A la question de savoir comment les députés comptent se rendre au Parlement, le général Khalil Hélou estime que plusieurs scénarios sont possibles. « Les manifestants ne vont jamais du côté du Sérail pour ne pas entrer en confrontation avec les partisans du mouvement Amal (du chef du Parlement Nabih Berry), en provenance de Khandak el-Ghamiq. Les députés pourront donc passer du côté de Zokak el-Blat vers le Sérail. De là, ils pourront aller à pied vers le Parlement, souligne le général Hélou. Les parlementaires peuvent également choisir de passer la nuit à l’hémicycle. Certains l’ont fait en 2006 (lors de la guerre de juillet avec Israël) et le Parlement est équipé pour ce faire », rappelle-t-il.

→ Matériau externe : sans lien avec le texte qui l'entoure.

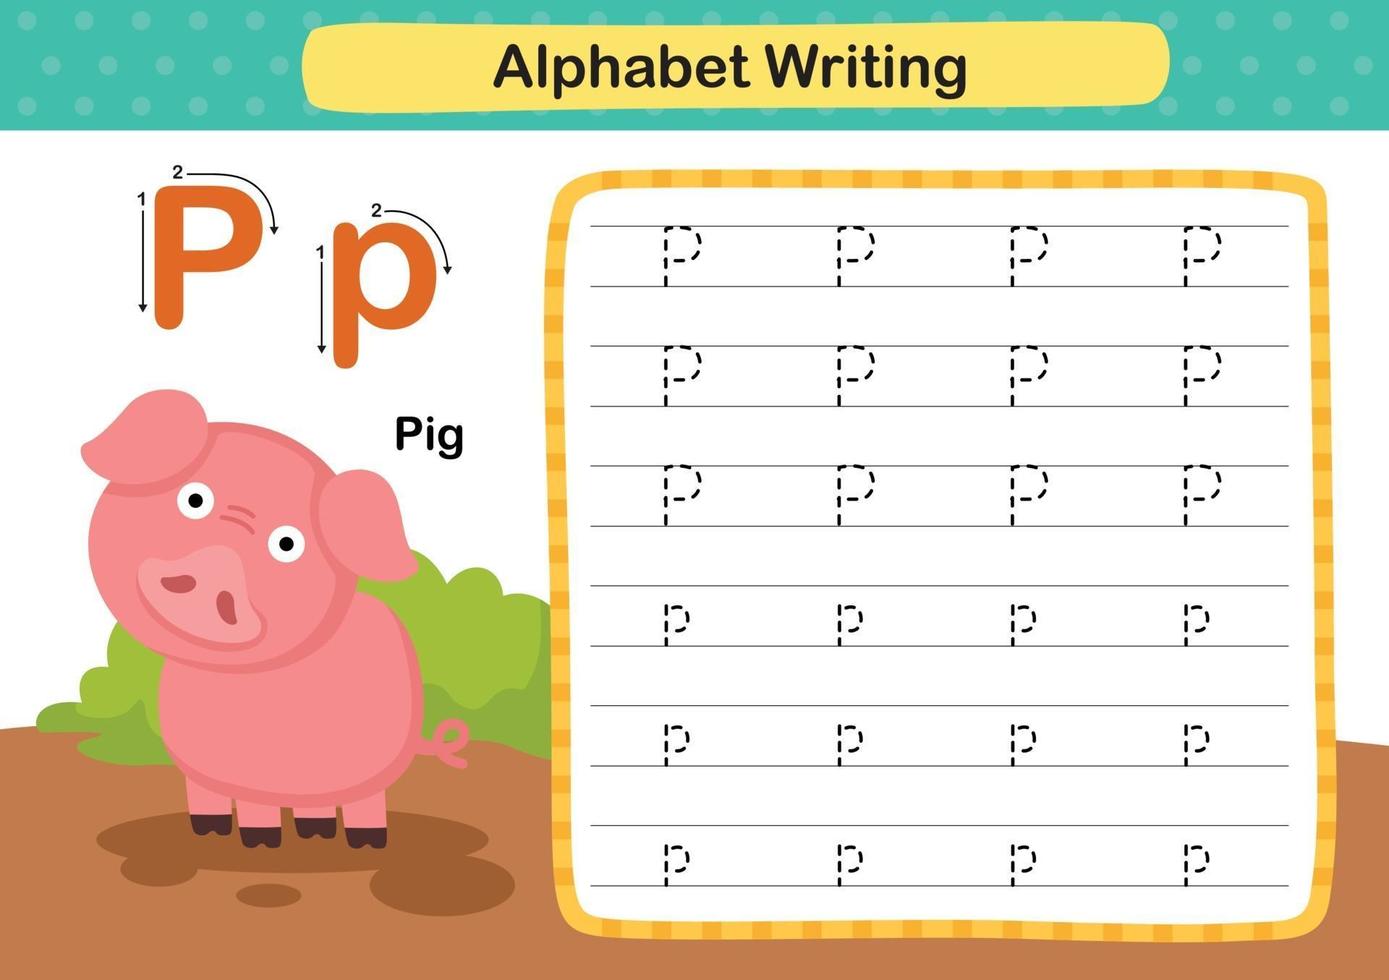 Alphabet Letter P-Pig exercise with cartoon vocabulary illustration, vector

Soupçonné à plusieurs reprises par les manifestants d’abriter des députés, notamment lors d’une séance prévue en novembre dernier pour le vote d’une loi sur l’amnistie, l’hôtel Le Gray a annoncé sur son compte Twitter avoir gelé ses réservations les 10, 11 et 12 février. L’établissement ne recevra pas non plus dans ses restaurants. Pour souligner la détermination du pouvoir, le général Hélou rappelle la réunion exceptionnelle du Conseil supérieur de la Défense vendredi dernier à Baabda, sous la présidence du chef de l’État. « Quand un gouvernement a peur des gens, ça en dit long sur la popularité de ce pouvoir qui chavire », ajoute-t-il.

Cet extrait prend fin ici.